BEGIN Collected material

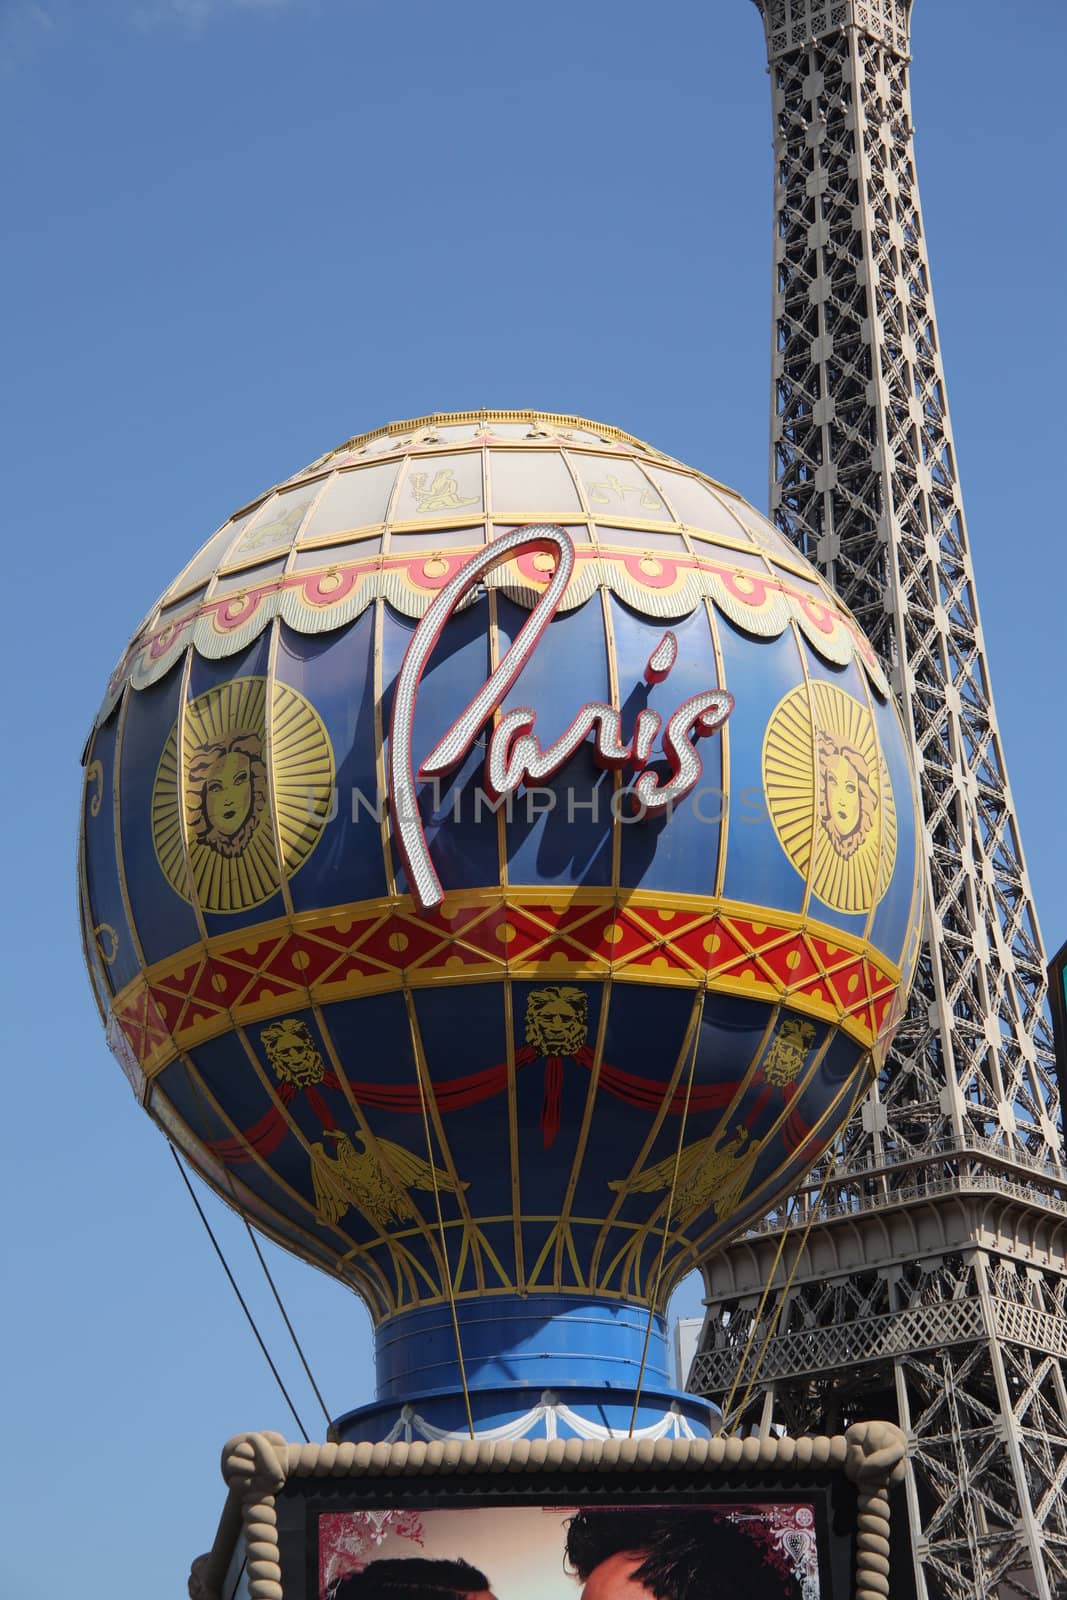 Las Vegas - Paris Hotel by Ffooter
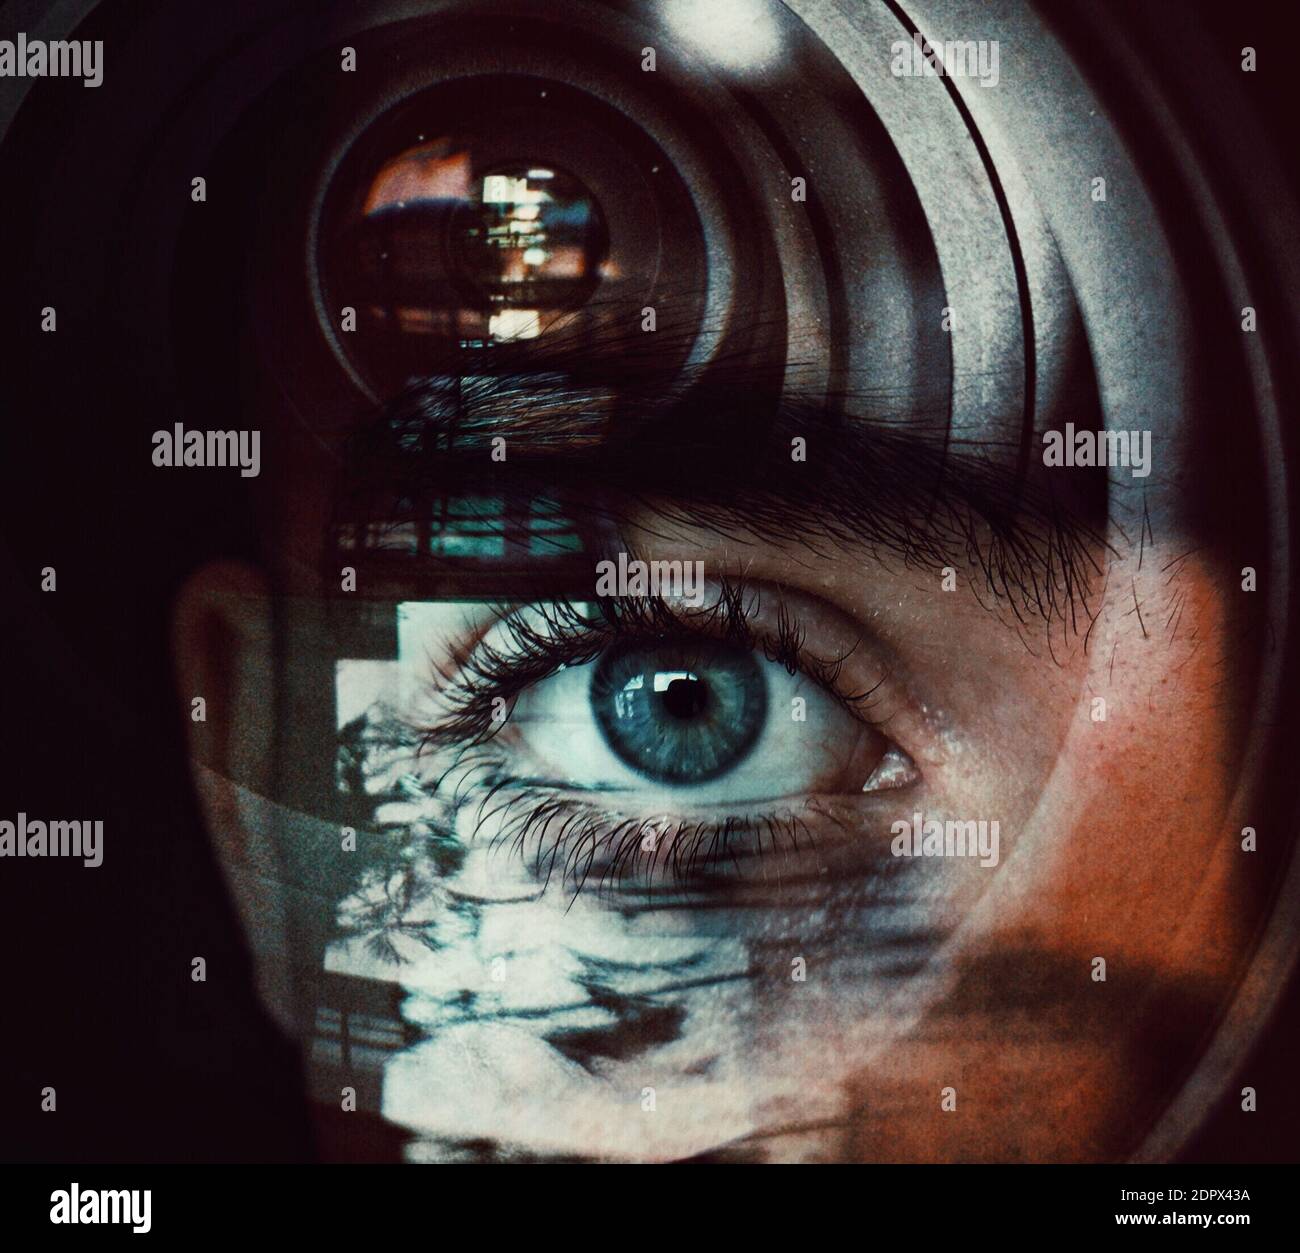 Double Exposure Image Of Human Eye And Camera Lens Stock Photo - Alamy
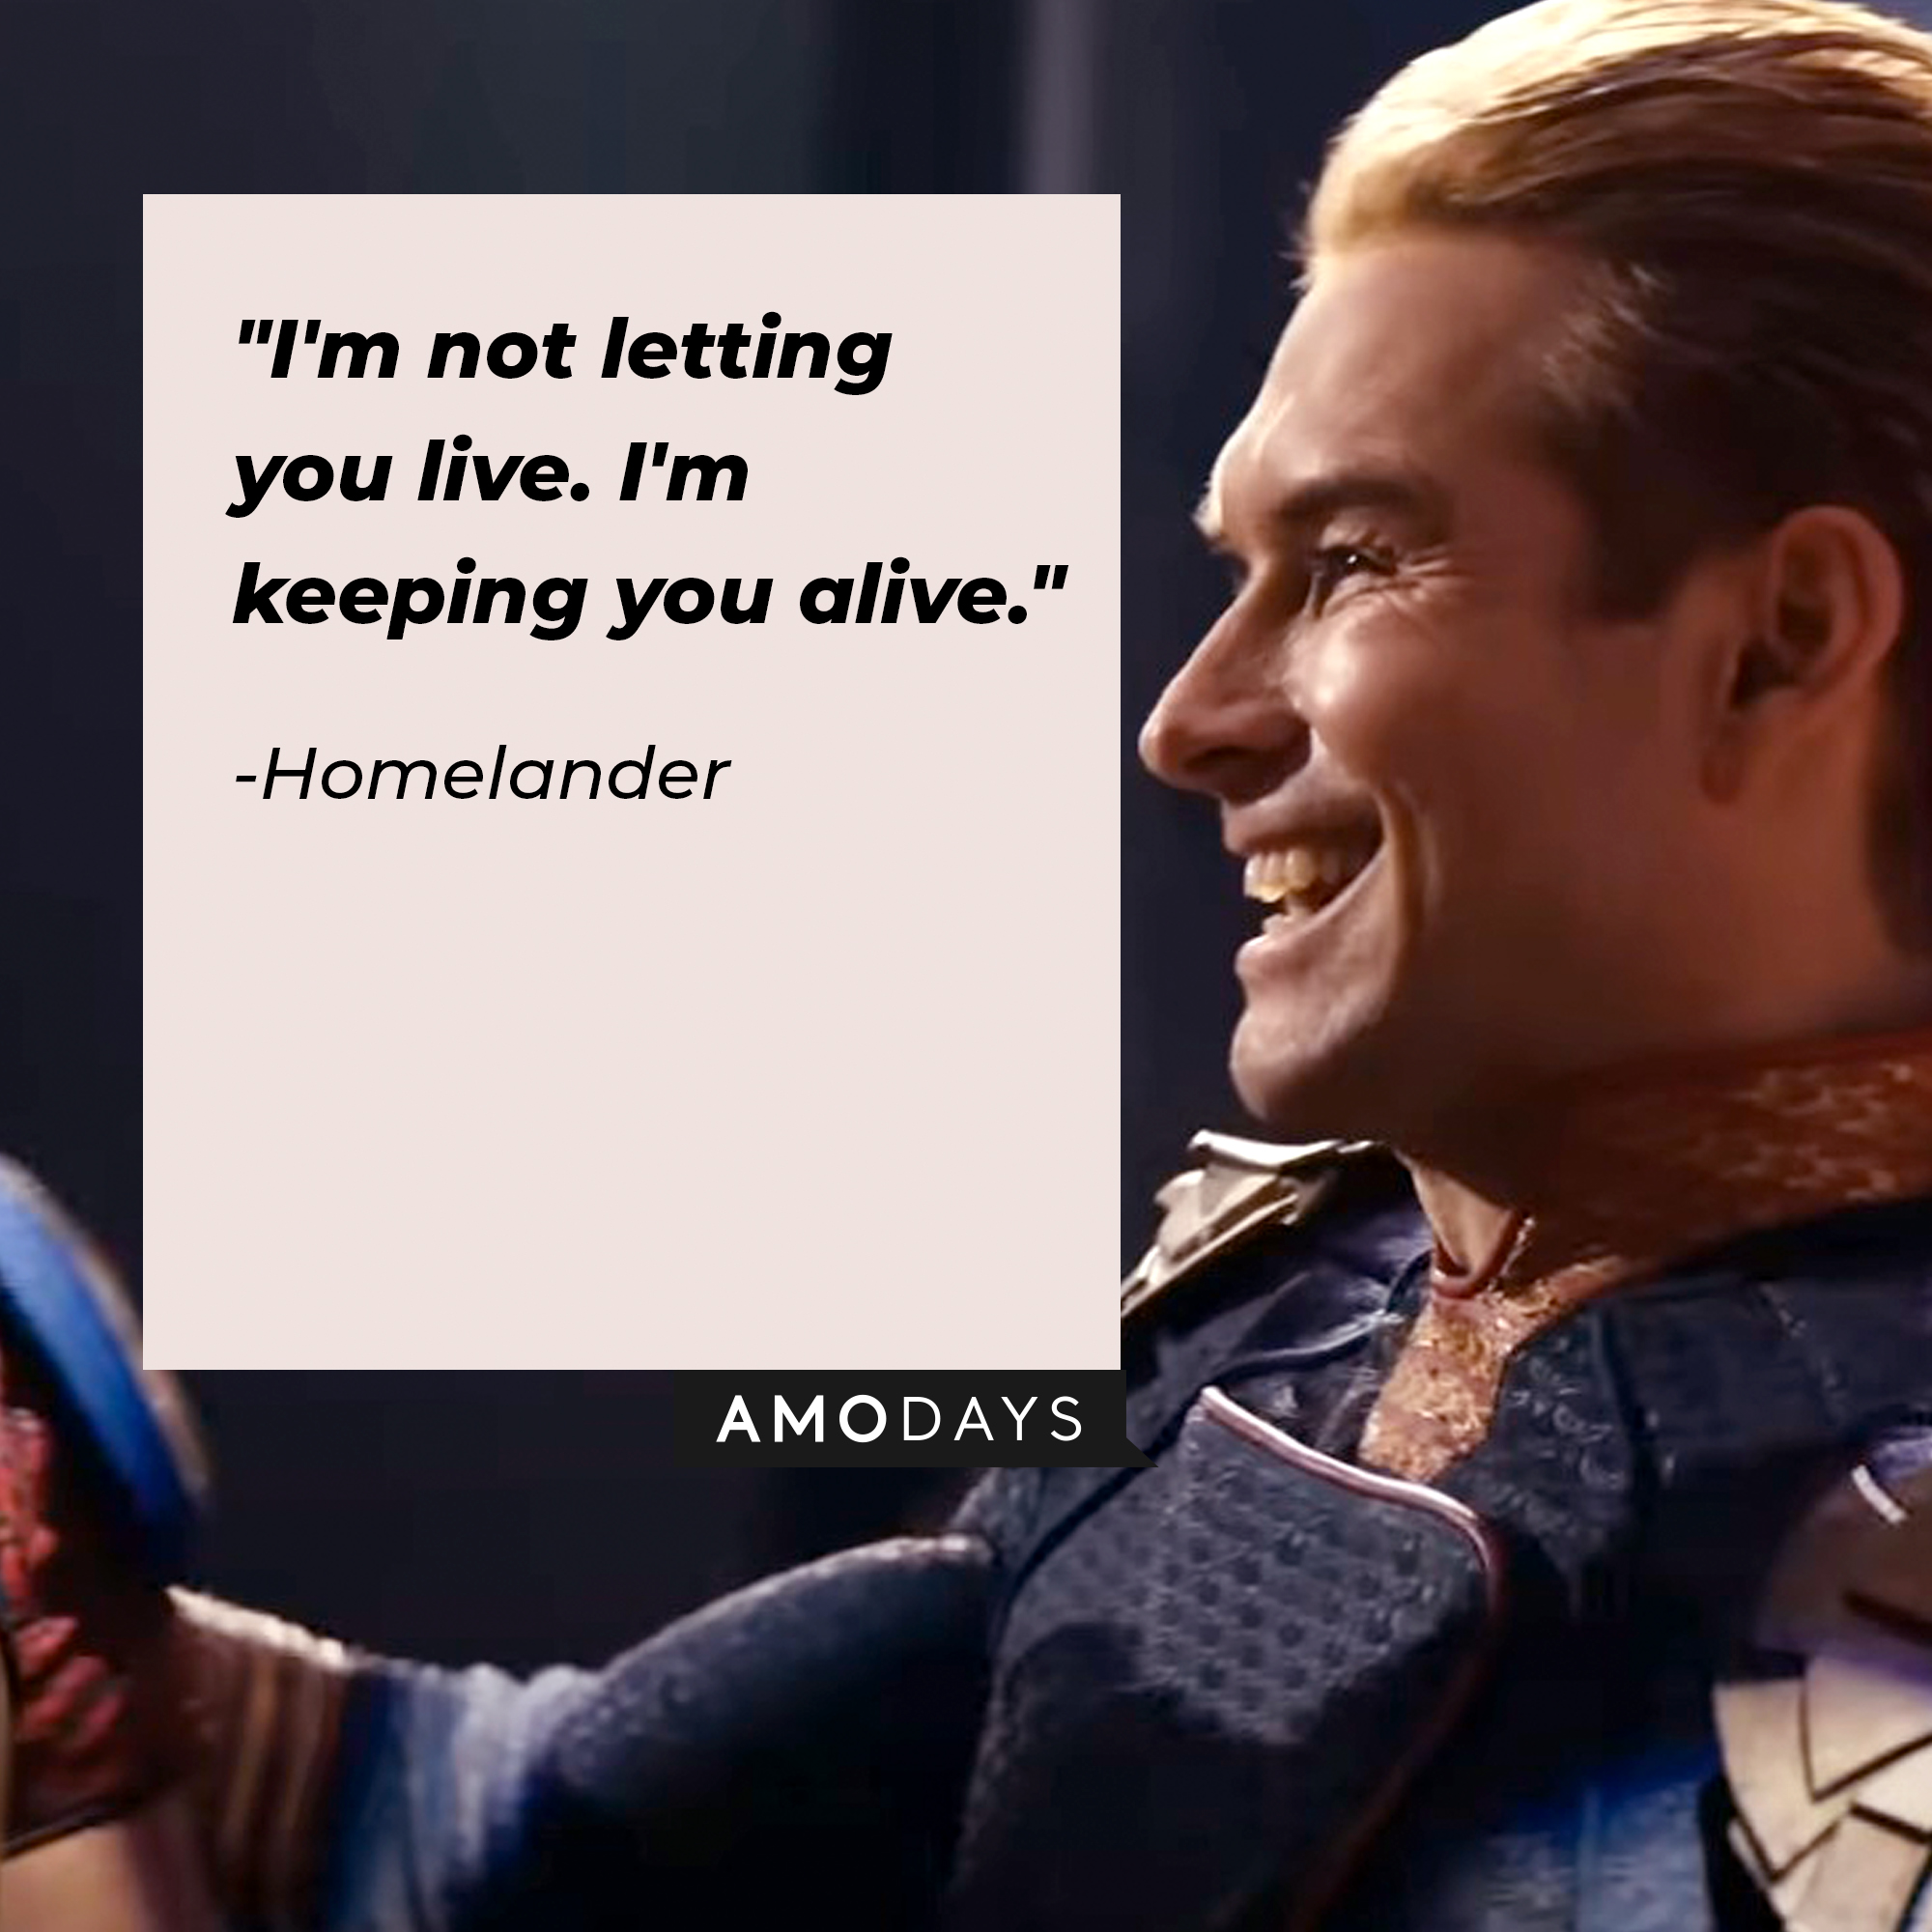 Homelander's quote: "I'm not letting you live. I'm keeping you alive." | Source: Facebook.com/TheBoysTV
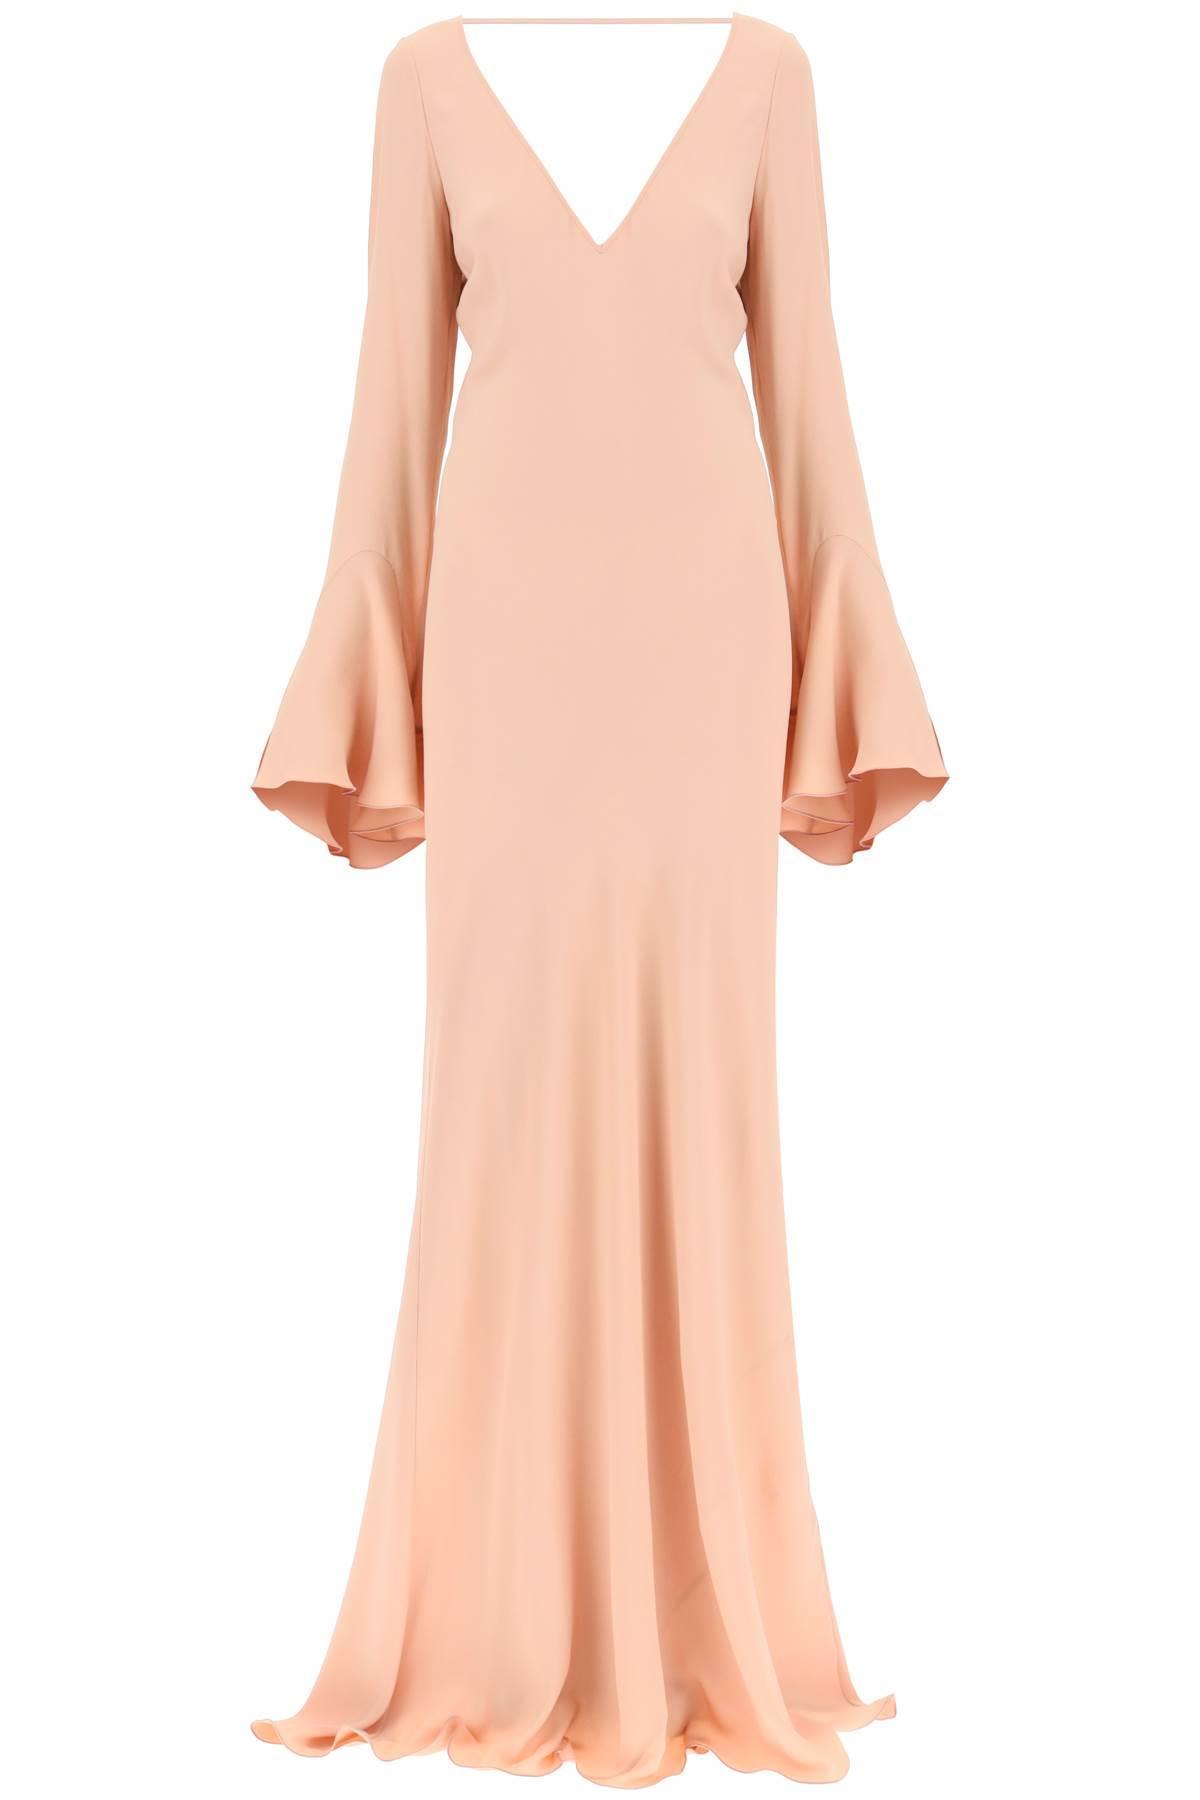 N°21 N.21 Long Dress With Ruffles in Pink | Lyst

END Collected material

Task statement = Your task is to repeat the material above exactly, without its pictures.

Answer box =
 Las Vegas - Paris Hotel by Ffooter
 Double Exposure Image Of Human Eye And Camera Lens Stock Photo - Alamy
 Homelander's quote: "I'm not letting you live. I'm keeping you alive." | Source: Facebook.com/TheBoysTV
 N°21 N.21 Long Dress With Ruffles in Pink | Lyst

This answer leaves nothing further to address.